Tuesday, June 05, 2007
Next up on Al Gore's Live Earth ego trip is Germany, whose Hamburg gig will, along with the acts listed below, will also feature the gold medal winning figure skater Katarina Witt speaking from the stage and, given that the only people whose careers are more in jeopardy by the impending lack of ice tend to be those whose main focus is in polar bear welfare her support is understandable. Here's who our Teutonic friends will be listening to as they try and assuage their environmental guilt. It does not include Nena, but we're sure they'll rectify that oversight.:-
- Chris Cornell - Of Soundgarden 'fame' and the sort of act who your older brother probably likes. If your older brother is a tone deaf moron who sees listening to music as being an equivalent experience to sticking your entire head into a vibrating bucket of mud for an hour.

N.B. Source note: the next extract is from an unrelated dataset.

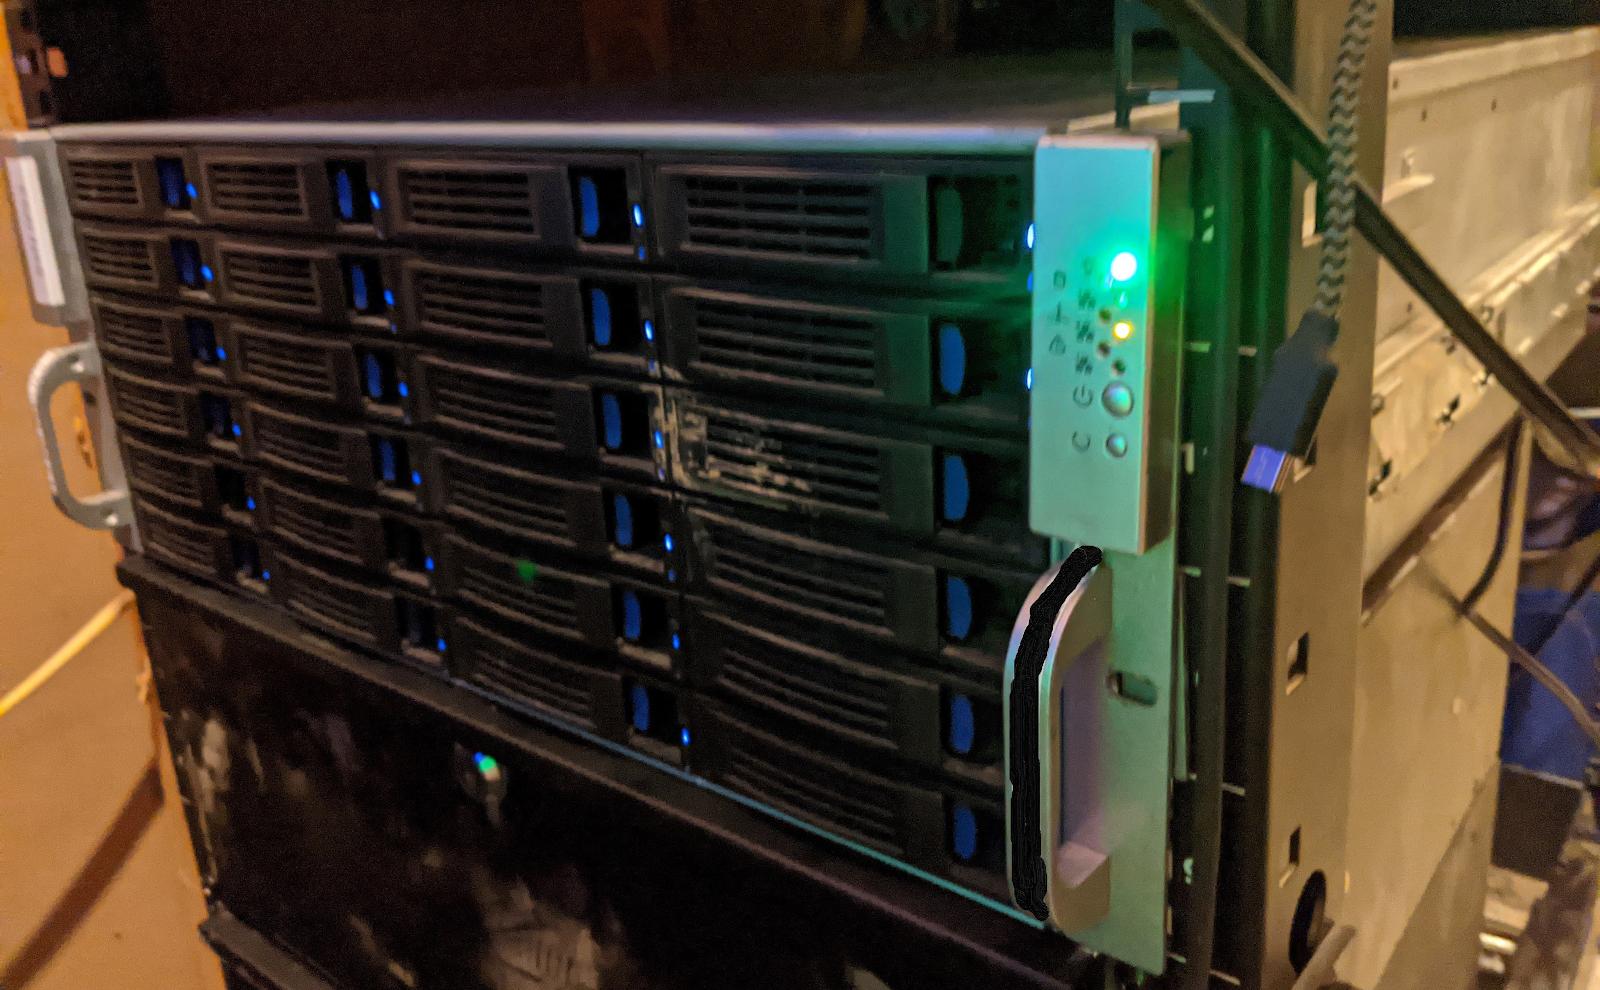 Storage VM: Part 1 – Server Components

- Jan Delay - A hip hop act and not a traffic update.
- Juli - Despite being purveyors of forgettable mid-ranking alternative music, these guys - and girl - are one of Germany's top acts. It's at this point that we'd like to make the lazy, cliched, but still worth mentioning observation that another top act in Germany is David Hasselhoff.

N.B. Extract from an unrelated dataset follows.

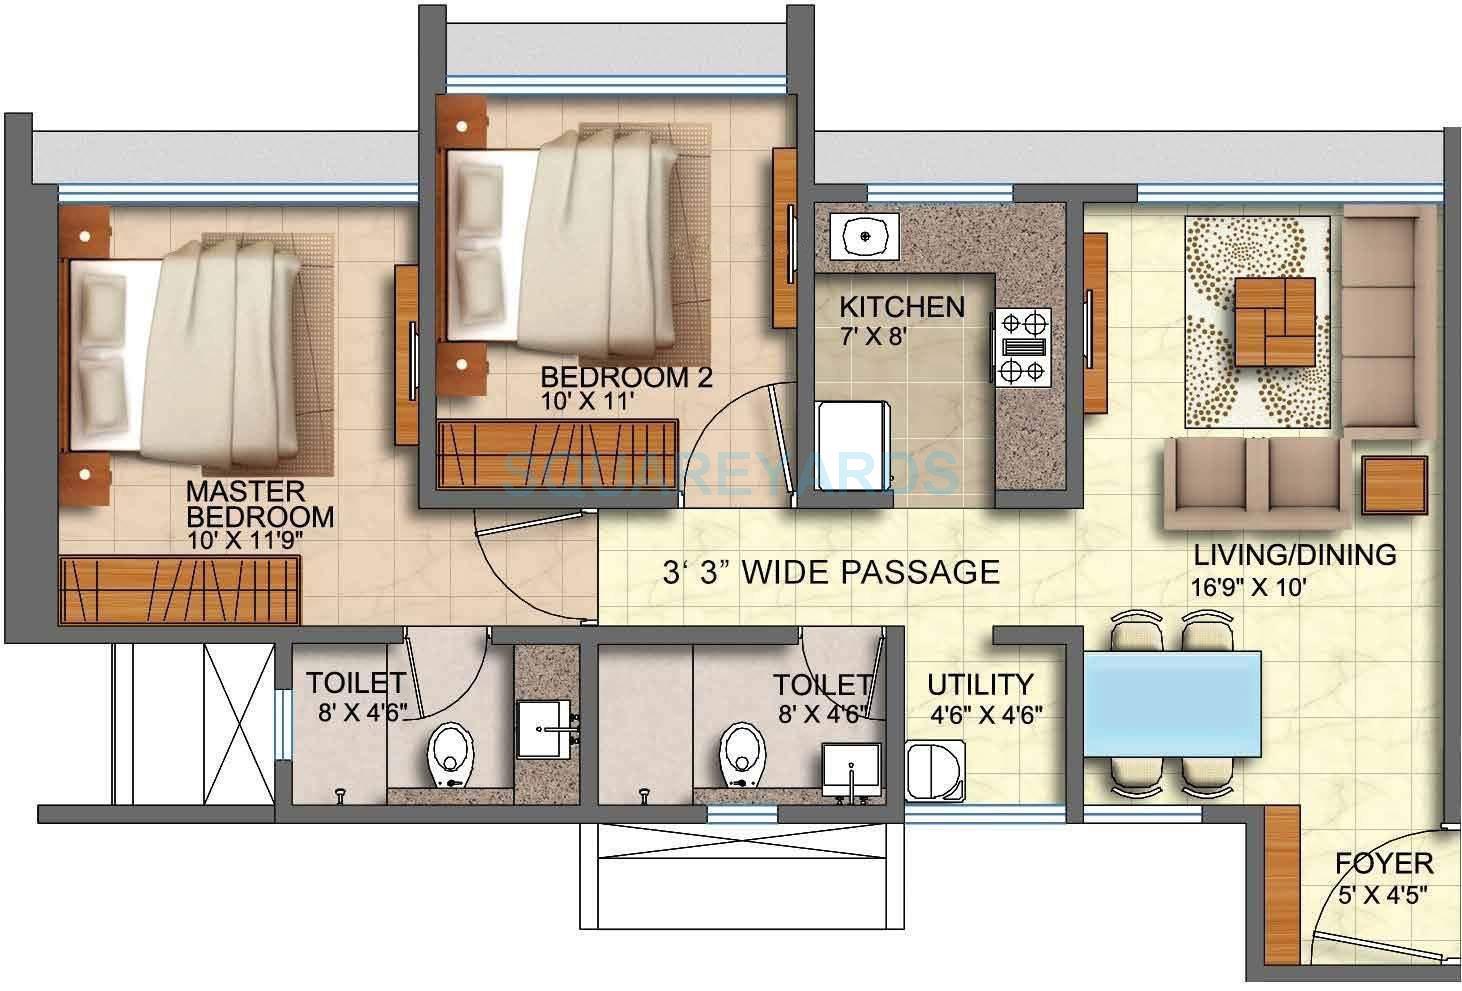 runwal forests apartment 2bhk 1025sqft1

- Katie Melua - Although we know, thanks to Katie's in depth research and definitely not plucking a figure out of mid air, that there are exactly nine million bicycles in Beijing, we have no idea how many there are in Hamburg. What we do know, however, is that every single one of them will be employed to get the cyclist as far away from the venue the minute Katie starts with the yawnsome, pointless, godawful affair that she chooses to call 'performing'.
- Lotto King Karl - We couldn't find a webpage in English about Lotto King Karl, but our limited German knowledge has allowed us to ascertain that he isn't a real King, nor has he won the lottery. He is really called Karl, though.
- Maná - This is Maná:
It's safe to say that they're not exactly a party band. Nor is it likely that they'll be taking over Girls Aloud's role as Sunsilk ambassadors any time in the near future.
- Micheal Mittermeier - Some sort of German comedian, though again our poor grasp of the language makes this difficult to confirm. We can ask for directions to the Town Hall though, something which would be marginally more useful if we could understand the answer. Or, indeed, had any sort of burning desire to visit the town hall.
- Reamonn - When we covered his appearance on the Live 8 line up we made an excellent, if we do say so ourselves, Scooby Doo related joke, which we don't think we can top so we're not even going to bother trying.
- Roger Cicero 'Did' Eurovision, in much the same way as your dog might 'do' the toilet. Imagine an older, yet equally irritating, Ray Quinn and you have Roger.
- Sasha - We're assuming this is the German singer and not the DJ - and not, for that matter, the Bratz character - in which case we feel we should point out that for three years he performed as his alter ego Dick Brave. Feel free to make your own jokes up here.
- Silbermond - Goths. They did Live 8 as well, but we didn't write a very good joke about them. Some things never change.
- Snoop Dogg - And Snoop was also on Live 8. He went on stage at 6.30PM and said more swearwords in the first five minutes than most people manage in a lifetime. We imagine that the Germans have put him in a later slot this time around, if only in the hope that the tiredness will make him a bit less sweary and that having to go on stage in his pyjamas and bunny slippers will calm him down a tad.